If you were in a benefits-eligible position with the A&M System on Aug. 31, 2003, you are eligible for A&M System benefits and the employer insurance contribution as a retiree if your ORP service credit includes at least three years with the A&M System, your last state employer was the A&M System, you have an intact ORP account, and you meet one of the following age and service requirements:

  • age 55 or older and at least five years of ORP service credit,
  • age plus years of ORP service credit equals at least 80 and at least five years of ORP service credit, or
  • any age and at least 30 years of ORP service credit.

If you were hired into an A&M System benefits-eligible position after Aug. 31, 2003, you are eligible for A&M System benefits and the employer insurance contribution as a retiree if your ORP service credit includes at least 10 years of A&M System service, your last state employer was the A&M System, you have an intact ORP account, and you meet one of the following age and service requirements:

  • age 65 or older and at least 10 years of ORP service credit; or
  • age plus years of ORP service credit equals at least 80 and you have at least 10 years of ORP service credit.

An intact ORP account is a 403(b) account containing funds that can be tied to your Texas ORP account.
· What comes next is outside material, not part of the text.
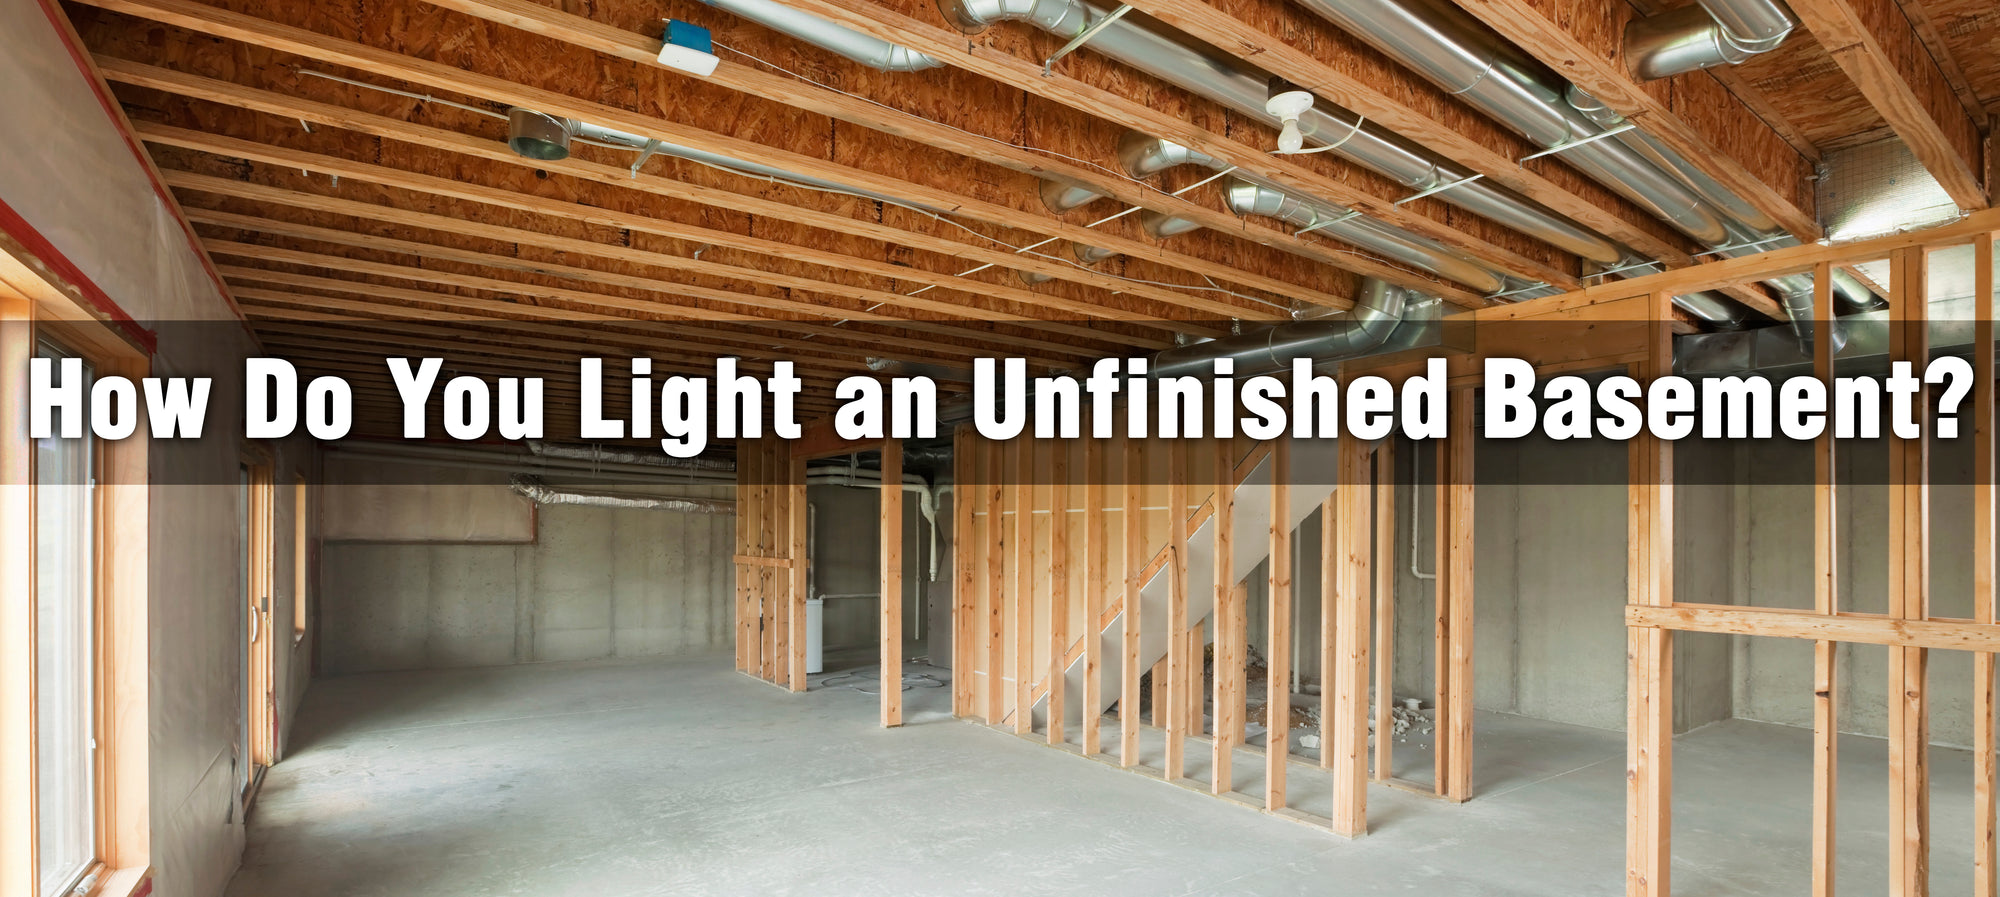 How Do You Light an Unfinished Basement?
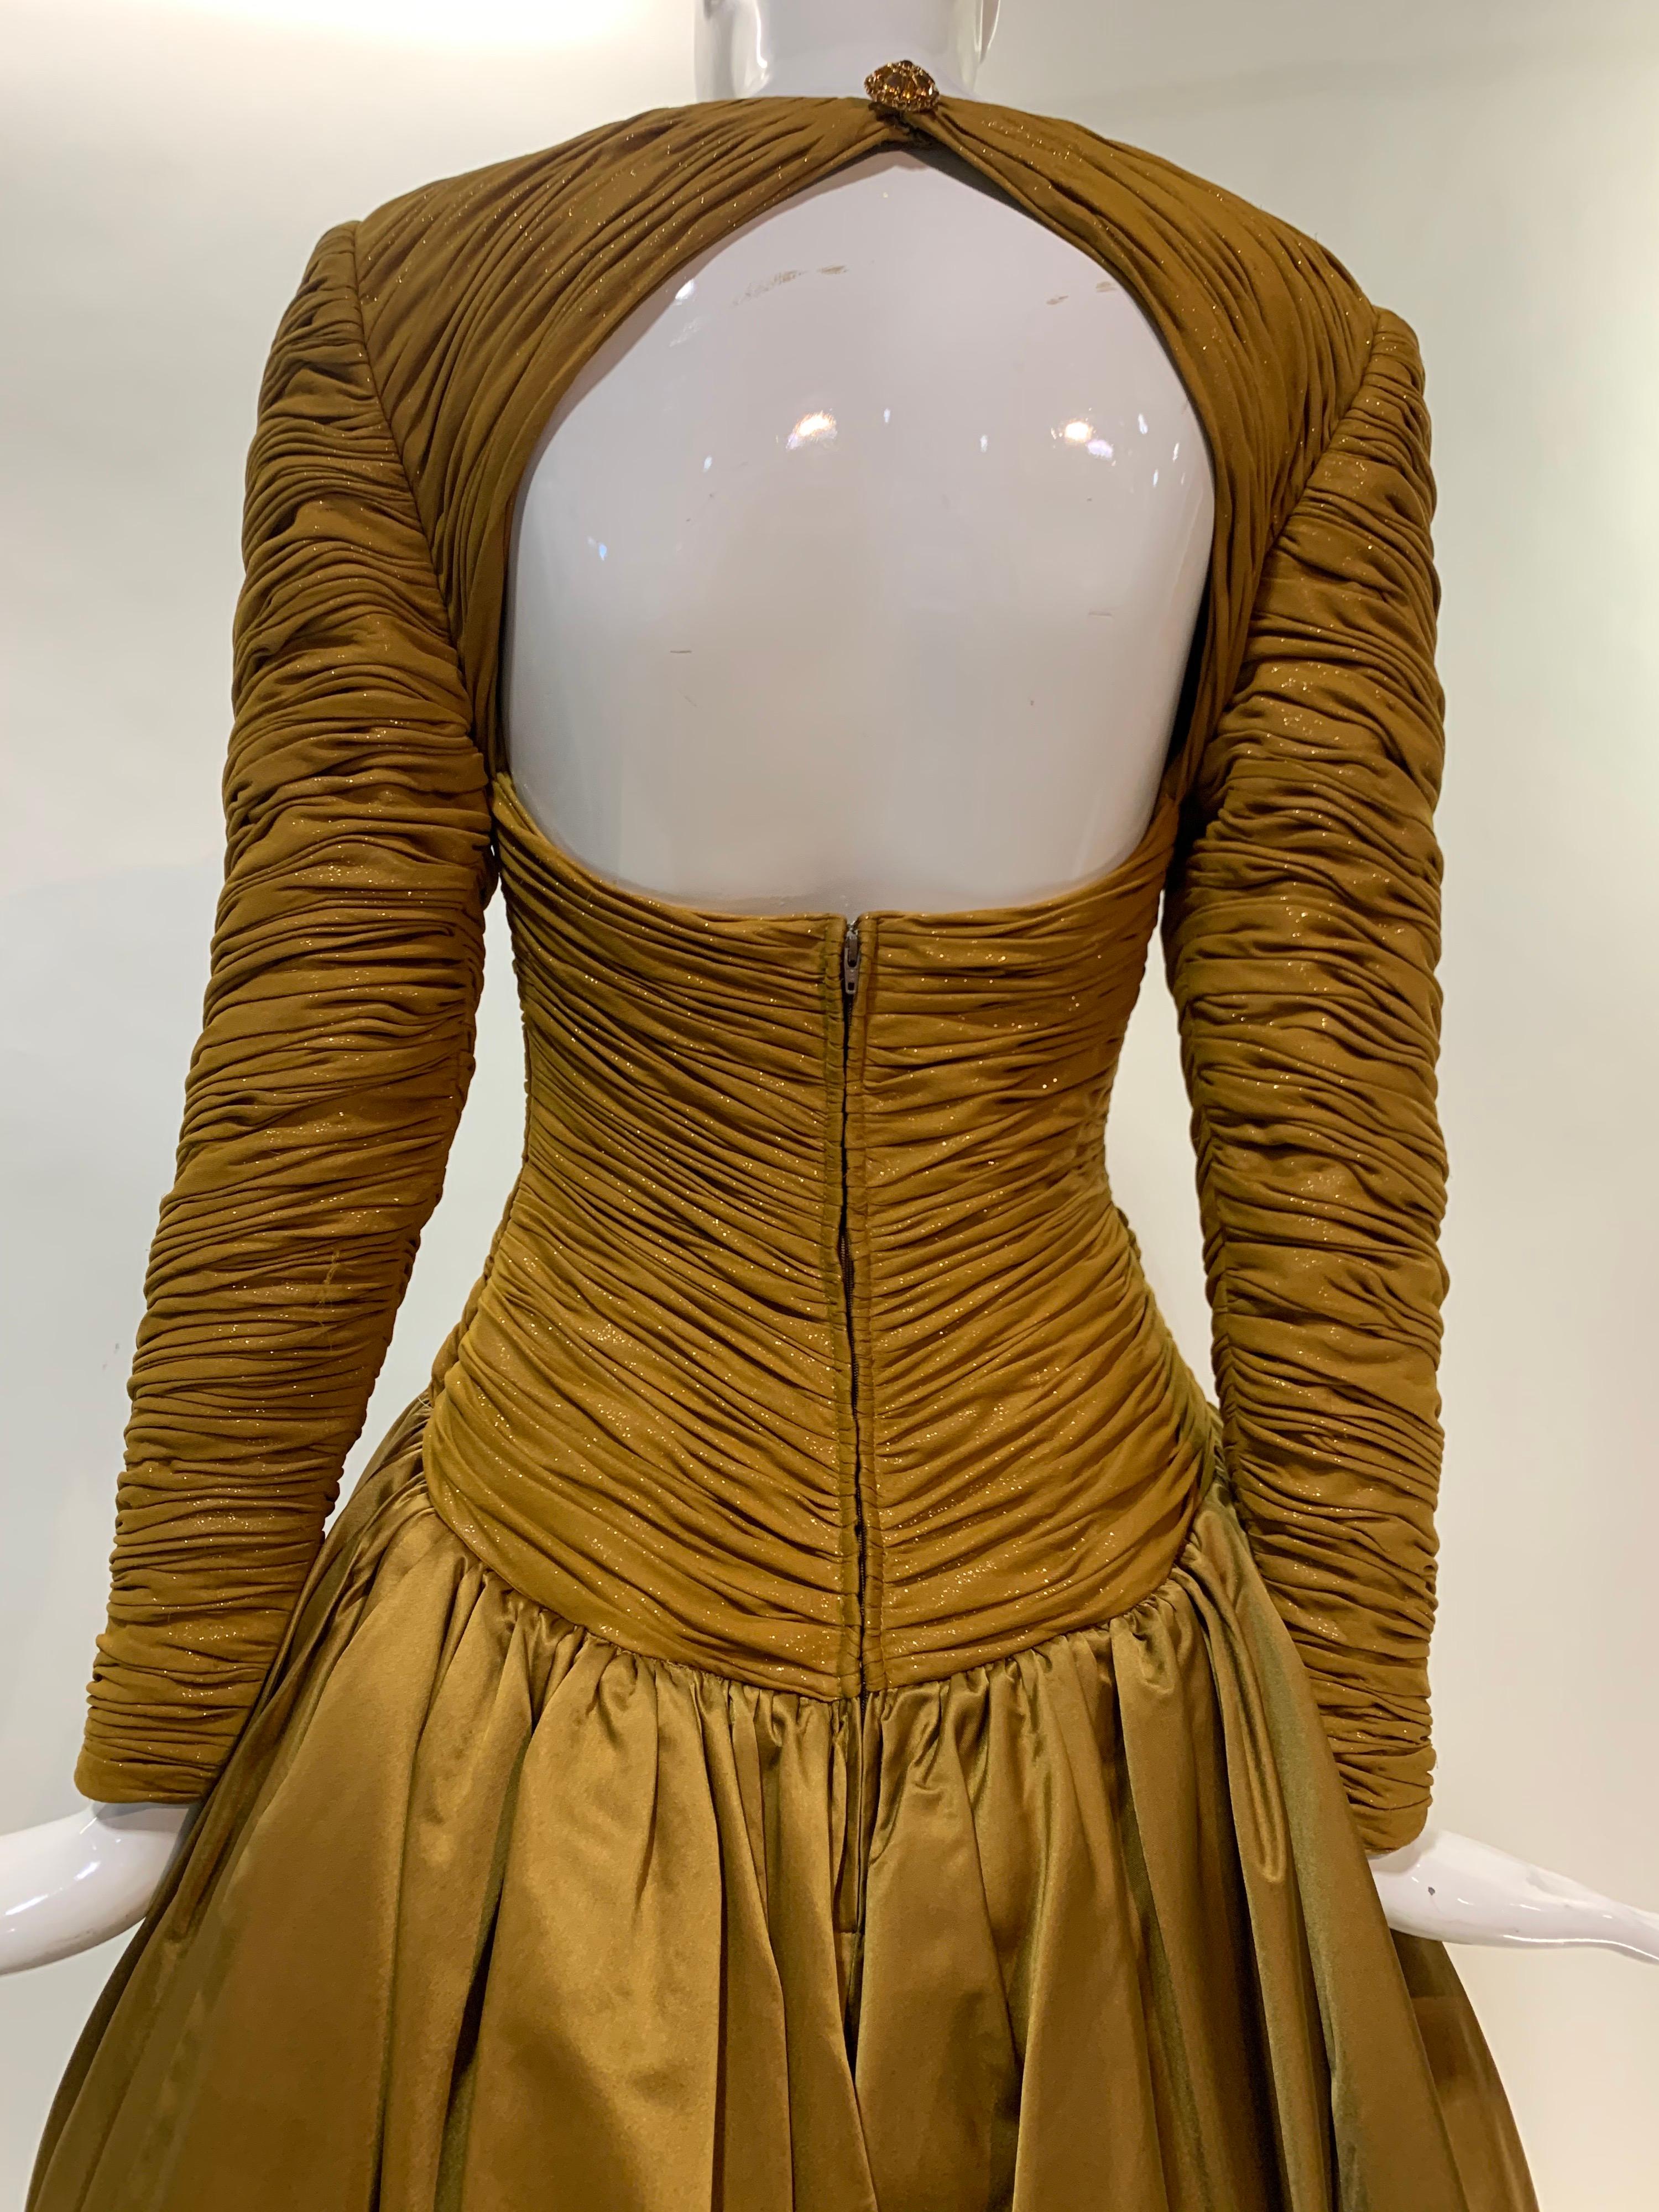 1990s Demi-Couture Gold Silk Ball Gown w/ Velvet Sheath & Dramatic Satin Skirt  For Sale 4

The 403(b) account must meet the vendor’s minimum balance requirement. An IRA is not a 403(b) account and does not meet the intact account requirement.

Service credit used for determining ORP retirement eligibility is calculated the same way service credit is calculated for the Teacher Retirement System (TRS), which is different from the way service credit is calculated for vacation and longevity pay. You earn a year of retirement service credit when you work at least 50% time for at least four and a half months during a fiscal year in a TRS- or ORP-eligible position.

For example, if you began working in an ORP-eligible position in January 2006, you received a full year of service credit for the 2006 fiscal year. If you had begun work in July 2006, you would not have earned any service credit for the 2006 fiscal year.